Organizational transformation

What Itō Jakuchū teaches us about creativity

Sam Frentzel-Beyme Follow Managing Partner & Strategy Director

The Short of It

  • By mixing, matching, and shading to layering his pigments on the front and back, he created more detailed spatial depth.
  • Much of what made him unique was his meticulous attention to detail.
  • His unique position as an outsider – he was the eldest son of a grocer – provided him with a unique perspective.

I was fortunate to catch the Itō Jakuchū exhibit Colorful Realm of Living Beings at the National Gallery of Art the other day. The exhibition, which ends April 29, marks the first time all 30 paintings have been displayed together outside of Japan and are on loan from the Imperial Household. The 30 paintings, shown along with his Sakyamuni Triptych donated by Jakuchu to Shokokuji Temple nearly 250 years ago, are all displayed in one room much as they might have been seen in a temple.

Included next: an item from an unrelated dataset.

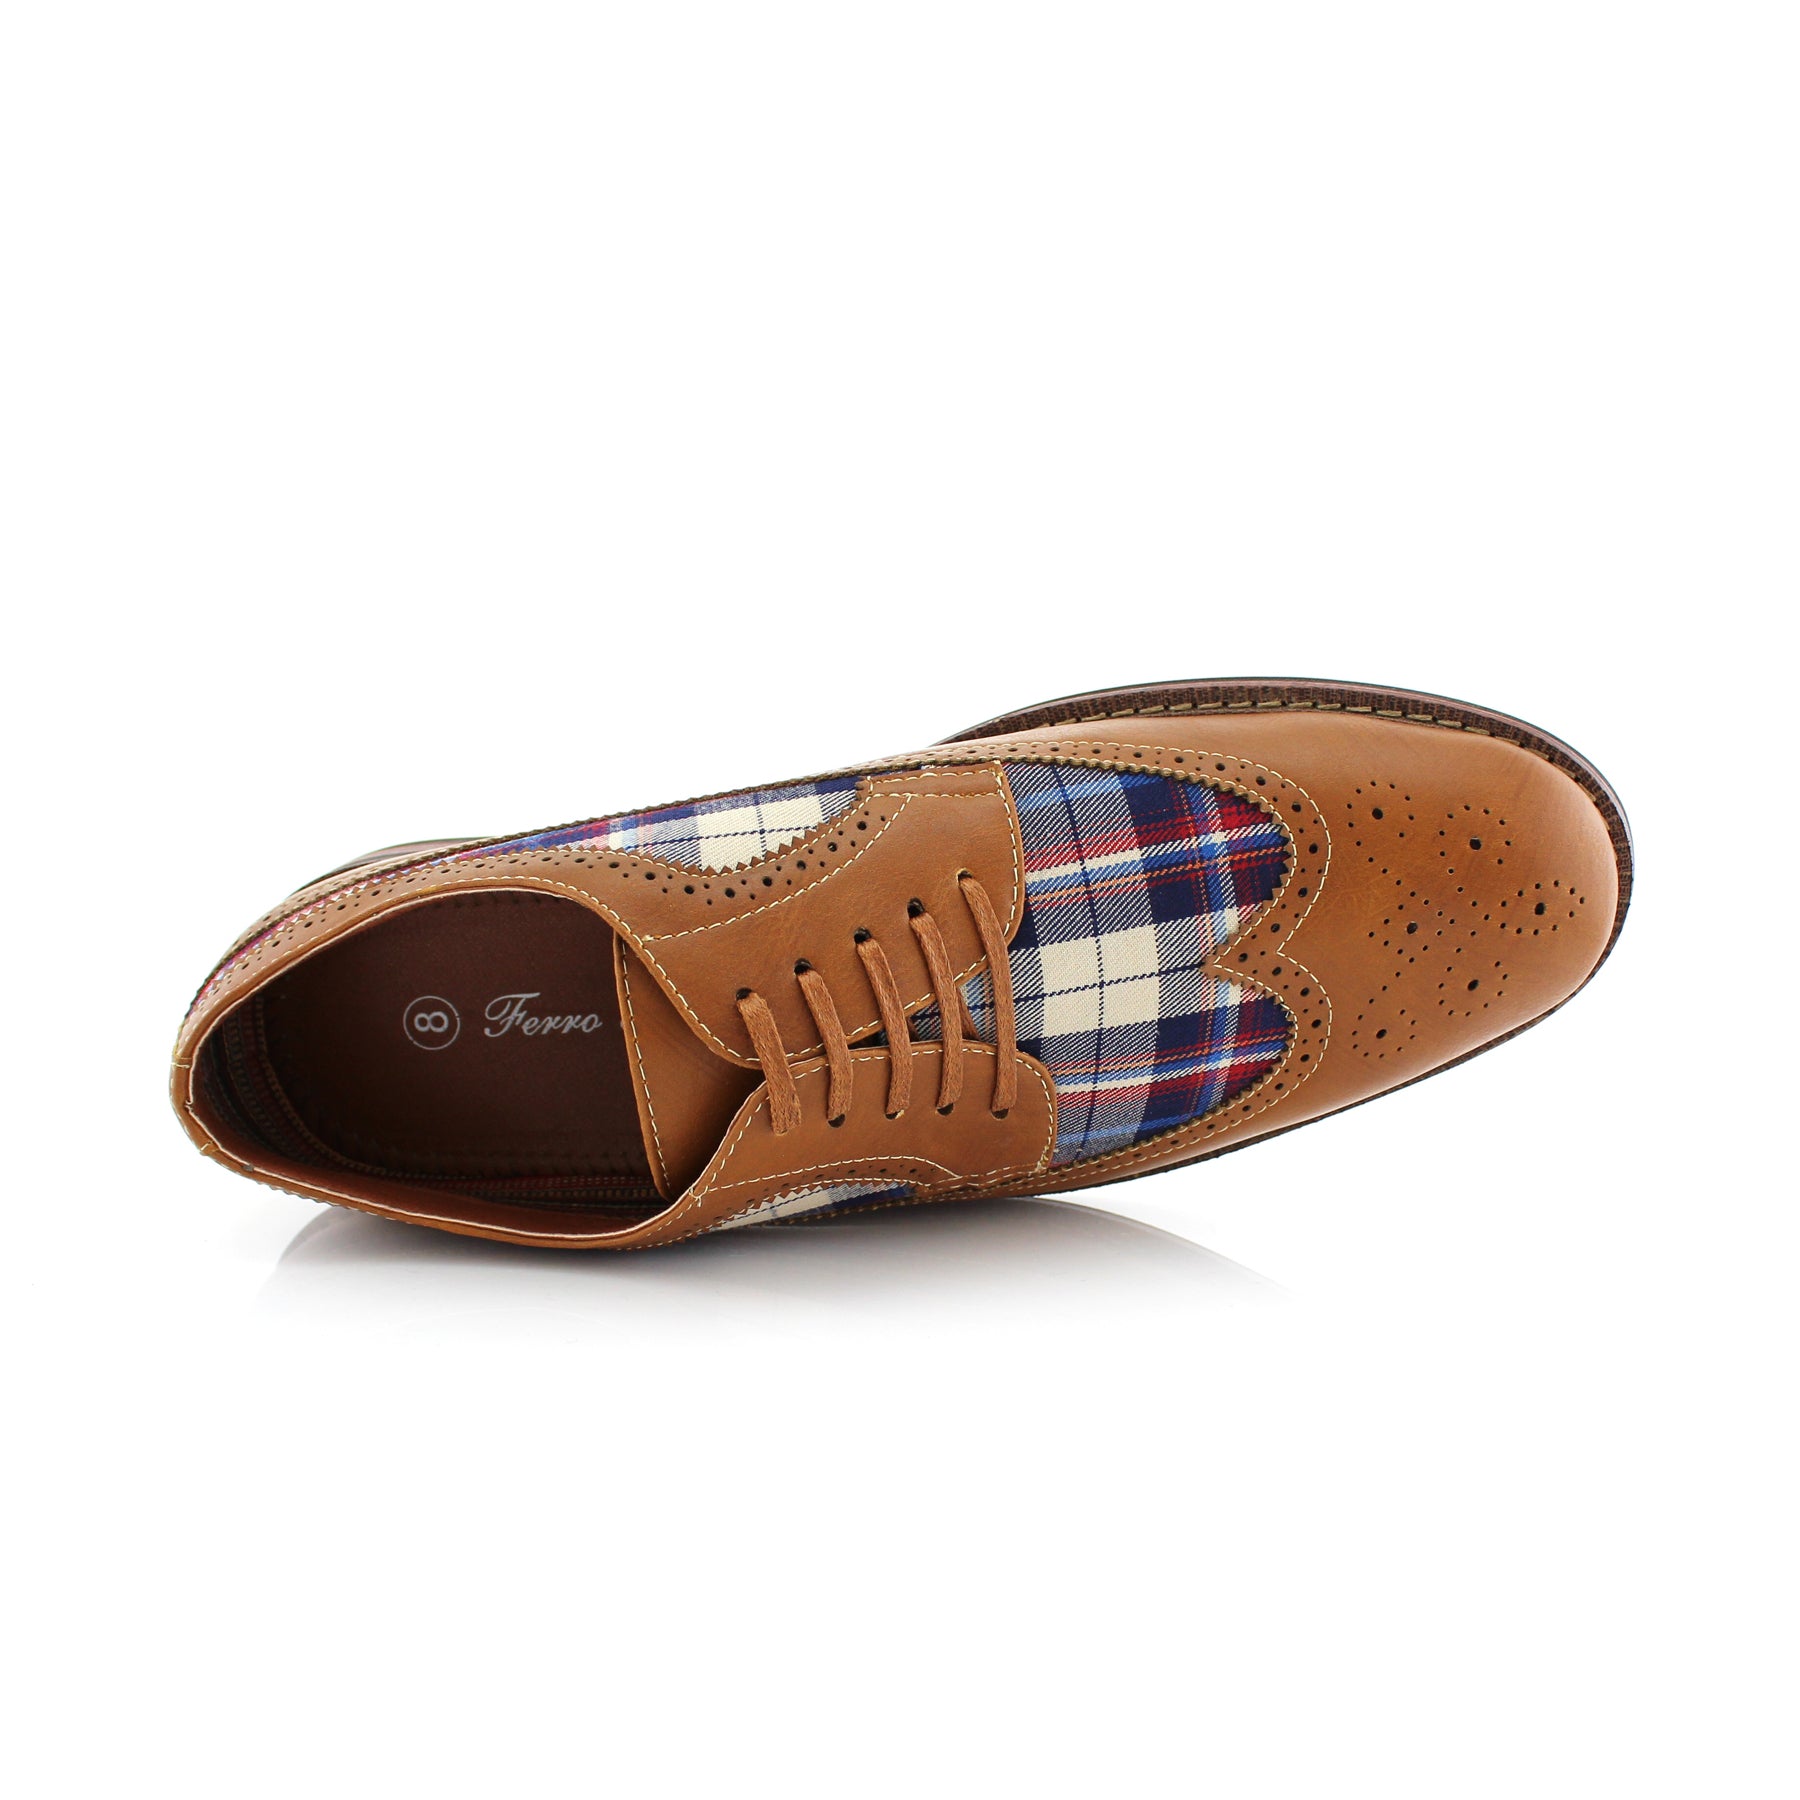 Plaid Long Wingtip Brogue Derby Shoes | Ron by Ferro Aldo | Conal Footwear | Top-Down Angle View

What was really interesting about the paintings themselves is the numerous techniques he uses, many of which had never been seen before in his time. From mixing, matching, and shading to layering his pigments on the front and back to create detailed spatial depth, it was said that much of what made him unique was his meticulous attention to detail (he created many of the scenes from actual animals and gardens he kept for the purpose of observation) and his unique position as an outsider – he was the eldest son of a grocer.

Of course there was natural talent get in the door and he certainly learned by studying top masters, but it was his naïve curiosity that made him great. His ability to look at the back of a printing surface and see opportunity. So often we think that we don’t have enough knowledge or information to do the things we want, but often it’s a matter of not realizing how our own experiences might be the very thing that changes the rules of the game.

As organizations look to define what makes them unique, it might be good to stop and think not about how they could be more like what is expected, but more like who they really are. If the long tail teaches us anything, it's that being authentic to some is better than being dull to many.